Net Worth: Personal privacy all but disappears thanks to Blippy

I have recurring nightmares about a dystopian future.

It’s run by a Big Brother-like government (as in the novel, not the TV show). Every move you make is tracked. Each conversation you engage in is recorded. You live in constant fear of doing or saying the wrong thing.

Privacy as a concept no longer exists.

Unfortunately, Americans are sinking deeper and deeper into this repressive future. But they’re doing it on purpose. Cheerfully, even.

Twitter, Facebook, texting, live blogging — all ways to constantly advertise to the public where you are, what you’re doing, who you’re doing it with, etc. Who has time for discretion or subtlety? These snarky comments about that bimbo who just cut in line at Cold Stone Creamery aren’t going to write themselves.

So in this spirit of plummeting privacy, I give you the latest Web site to invade your personal domain. Give a super-sized hello to Blippy.

According to its tagline, “Blippy is a fun and easy way to see and discuss the things people are buying.”

That’s one description. I prefer this: Blippy is a site where your enter your credit card information, and public “blips” of information are sent out to users that tells them what you’re buying. Prices. Locations. Quantity.

Let’s stop and ponder the implications of a few hypothetical purchases.

Say that $200 charge for temporarily ridding your home of brown recluse spiders appears on Blippy. Could that info factor into the decision of whether a prospective owner might buy your house?

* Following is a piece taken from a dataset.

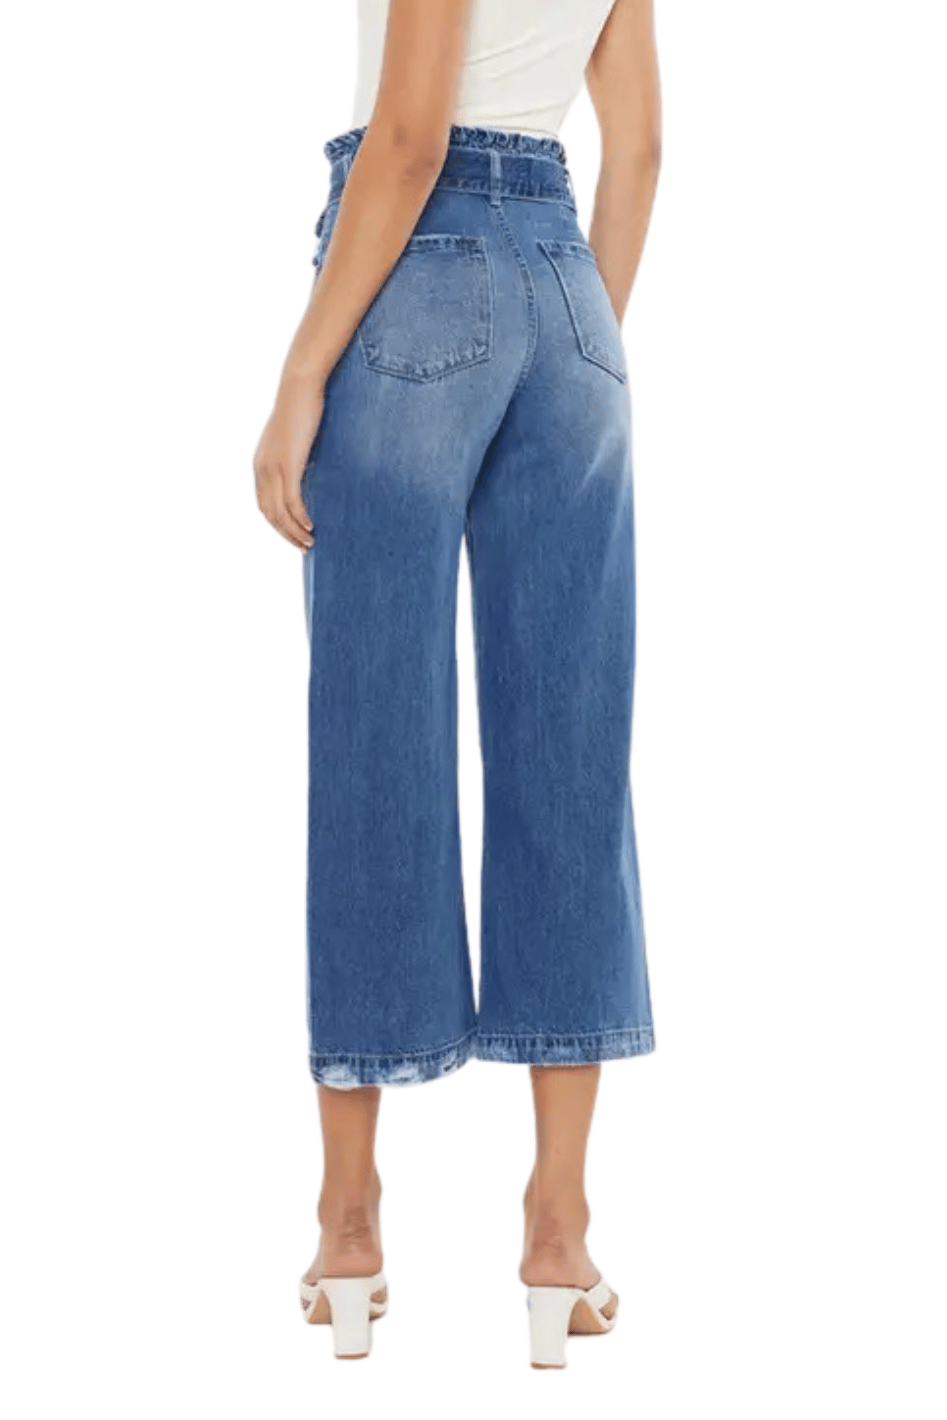 Serenity Ultra High Rise Jeans - Expressive Collective CO.

That $400 pair of diamond earrings you were hoping to surprise your wife with … no longer so surprising if she’s on Blippy.

How about that $1,200 outing to the “gentleman’s club” during a work-related conference in Vegas? Wow, those “drinks” must have been expensive. Hey, weren’t you supposed to be attending a seminar that same evening?

Perhaps I’m reading too much into why I have no desire to subject my own financial history to the people of earth. But likely the real hook is more about eavesdropping on what family and friends are buying.

CNN reported that the founders of the site, which launched in January, wanted to explore the idea of what would happen if data that was traditionally private became public. They wondered what it would do to the economy if everybody knew what everybody else was paying for things.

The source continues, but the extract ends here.